UNIT 2 Mendelian Genetics

Question 1

An allele is:

A. another word for a gene
B. a homozygous genotype
C. a heterozygous genotype
D. one of several possible forms of a gene

Answer 1

D. one of several possible forms of a gene

Question 2

True or False

Sister chromatids are exact replicas of each other, and so with homologous chromosomes.

Answer 2

False

Sister are exact replicas, homologous are not.

Question 3

The DNA sequence for the trait is physically found in?

Answer 3

Gene

Question 4

True or False

Homologous chromosomes are connected at the centromere during the interphase.

Answer 4

False

Explanation: Sister chromatids are connected at the centromere. The chromosomes in interphase are not doubled yet.

Question 5

Which of the following statements is true about Mendel?

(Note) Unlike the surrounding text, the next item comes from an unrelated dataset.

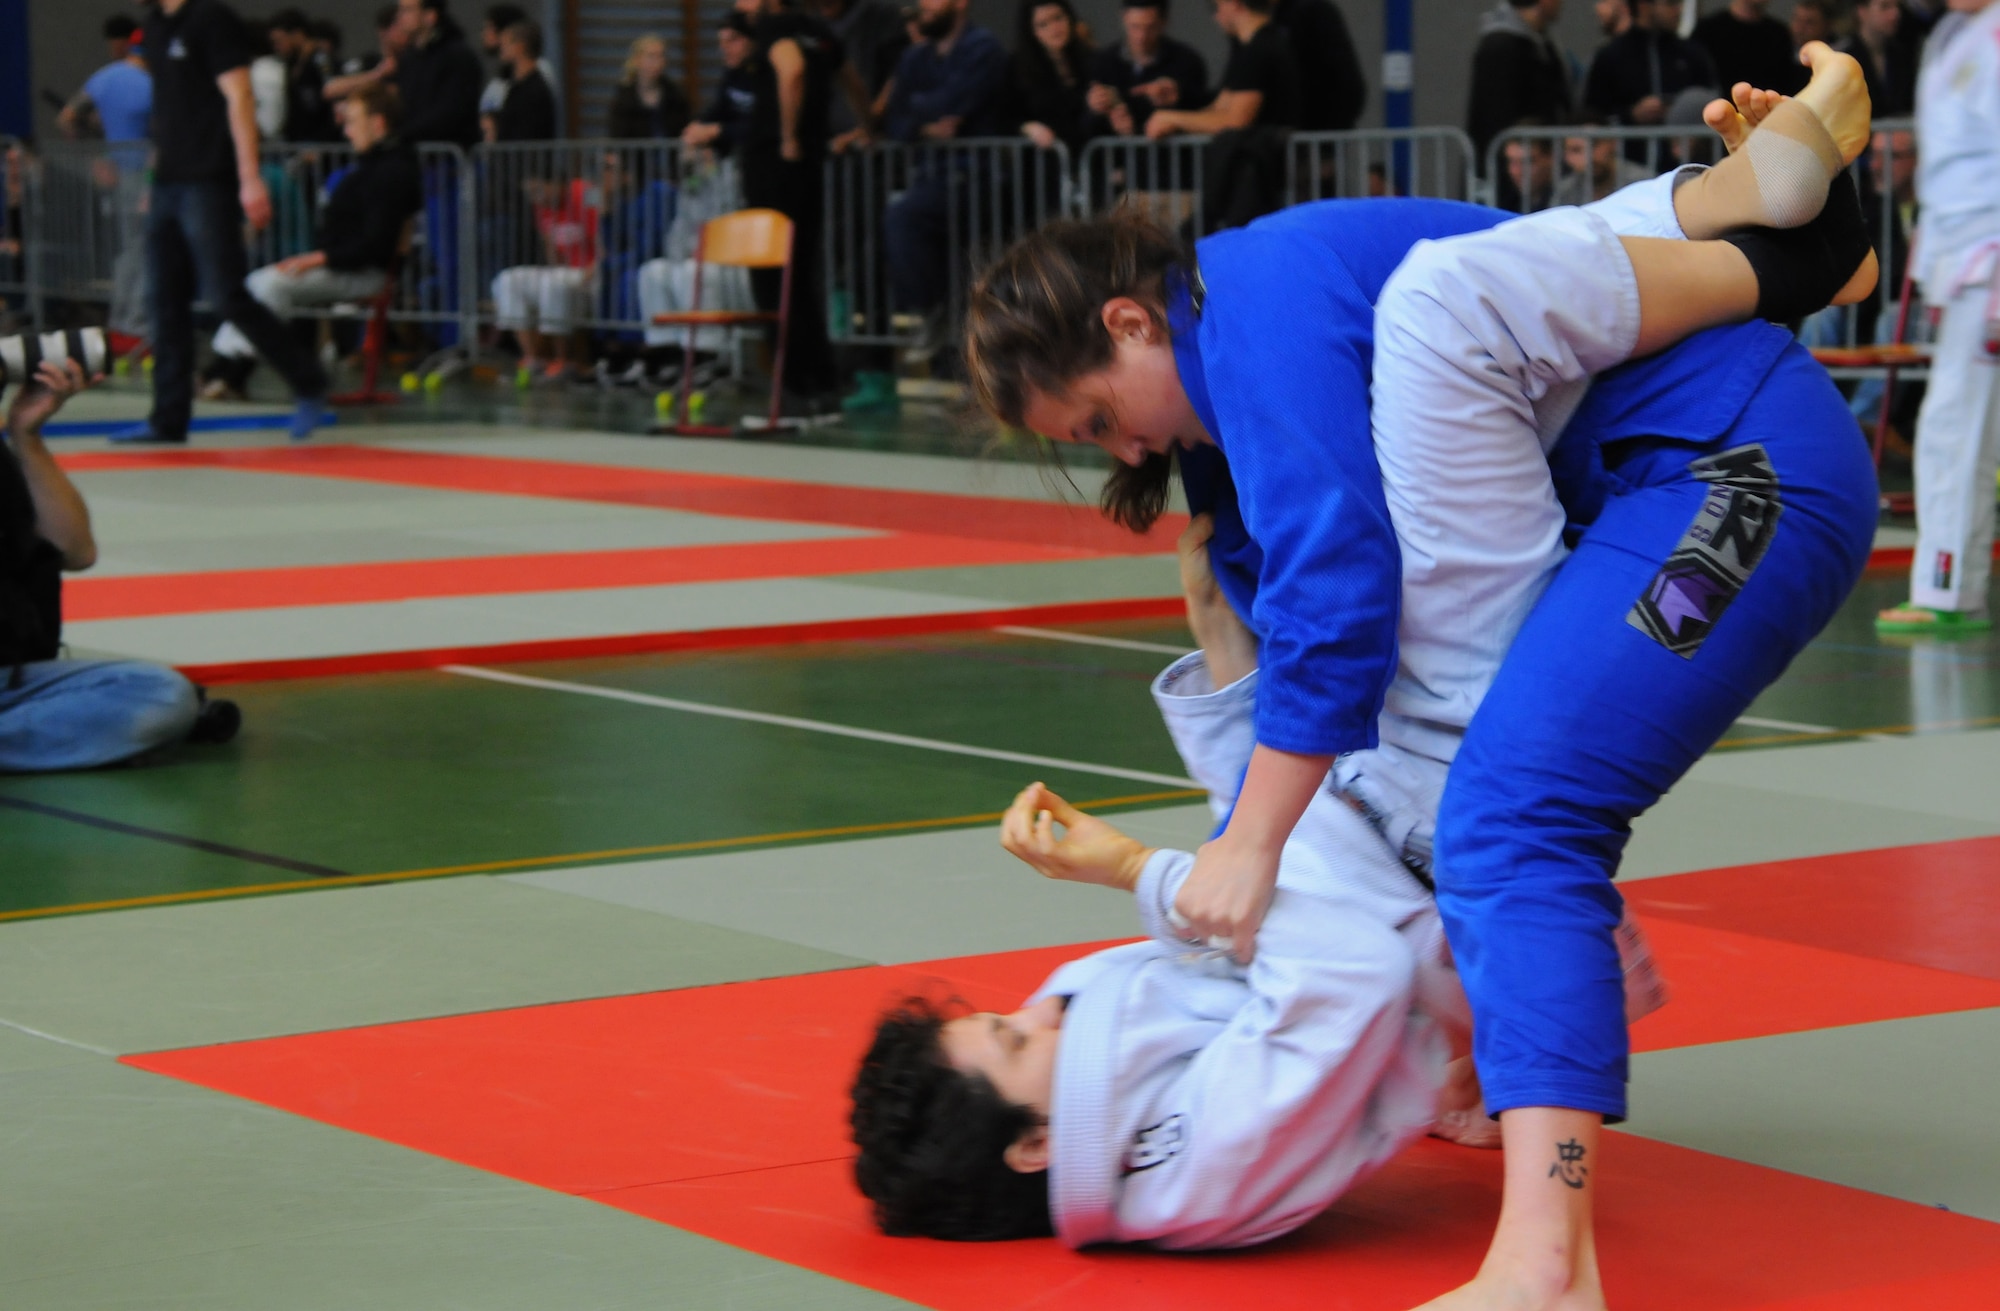 Mariah Johnson, a 52nd Force Support Squadron value-added tax officer who practices Brazilian jiujitsu, right, grapples during her first match at the Submissao competition in Karlsruhe, Germany, Feb. 20, 2016. Johnson lost to her opponent, but received a belt promotion after the match for taking the step to compete. (Courtesy photo)

A. His discoveries concerning genetic inheritance were generally accepted by the scientific community when he published them during the mid-19th century.
B. He believed that the genetic traits of parents will usually blend in with their children.
C. His ideas about genetics apply equally to plants and animals.

Answer 5

C. His ideas about genetics apply equally to plants and animals.

Explanation:
A (his discoveries were not believed until chromosomal theory were surfaced)
B (he did not follow the blending theory, he followed the particulate theory)

Question 6

The molecular/cellular basis of inheritance that was drawn from Mendel’s work and is now correlated with what happened in chromosomes is known as?

Answer 6

Sutton-Boveri Theory (of Chromosomal Inheritance)

Question 7

The idea that for any particular trait, the pair of alleles of each parent separate and only one allele for each parent passes to an offspring is Mendel’s principle of:

A. independent assortment
B. hybridization
c. segregation
d. dominance

Answer 7

C. segregation

Question 8

During ____, alleles separate, such that each ____ is equally likely to receive either of of the two alleles present in the diploid individual.

A. mitosis, somatic cell
B. independent assortment, stem cell
C. S phase, gamete
D. meiosis, gamete

Answer 8

D. (meiosis, gamete)

Question 9

True or False

Law of Segregation is easily proven by a monohybrid cross.

Answer 9

True

Explanation: Monohybrid cross is used for both dominant-recessive principle and segregation principle.

Question 10

In guinea pigs, black hair (B) is dominant to brown hair (b) and short hair (H) is dominant to long hair (h). A black, long-haired guinea pig (Bbhh) is crossed with a brown, short-haired guinea pig (bbHh). What percentage of the offspring will be black with long hair.

A. 50%
B. 12.5%
C. 25%
D. 75%
E. 100%

Answer 10

C. 25%

Explanation: Each of them have four possibilities of offspring, so it is 1/4.

Question 11

Dihybrid Cross is related to the law of:

A. Law of Dominance
B. Principle of Segregation
C. Principle of Independent Assortment

Answer 11

C. Principle of Independent Assortment

Question 12

Both loci assort independently; One allele at each locus is completely dominant; and each of four possible phenotypes can be distinguished unambiguously, with no interactions between the two genes that would alter the phenotypes. The usual phenotypic ratio is?

Answer 12

9:3:3:1

Question 13

Which is true of Mendelian genetics?

A. Mendelian inheritance is seen in the way several genes interact to produce eye color.
B. The traits that strictly follow Mendelian inheritance are rarer than polygenic or gene interactive kinds.
C. Mendel’s ratios holds true even in the case of linkage because it is universal.
D. Mendelian genetics follow the blending in hypothesis of trait inheritance

Answer 13

B. The traits that strictly follow Mendelian inheritance are rarer than polygenic or gene interactive kinds.

Explanation:
A (Gene interaction)
C (False, linkage HIDES independent assortment and segregation)
D (False, Mendelian counteracts Blending Theory and followed the Particulate Theory)

Question 14

_____ disease is a term for diseases that can be accurately predicted via Mendelian genetics alone.

A. Polygenic
B. Single-gene
C. Pleiotropic

Answer 14

B. Single-gene

Question 15

Which is an example of a possible single-gene disease?

A. Hemophilia A
B. Diabetes
C. Cervical Cancer

Answer 15

A. Hemophilia A

Also sickle cell disease and muscular dystrophy.

Question 16

This consists of sick children and their parents can reveal whether the child inherited two disease-causing mutations from carrier parents, or whether a dominant mutation arose anew, termed “de novo.”

Answer 16

Test of trios

Question 17

What can be true of the concept of dominance?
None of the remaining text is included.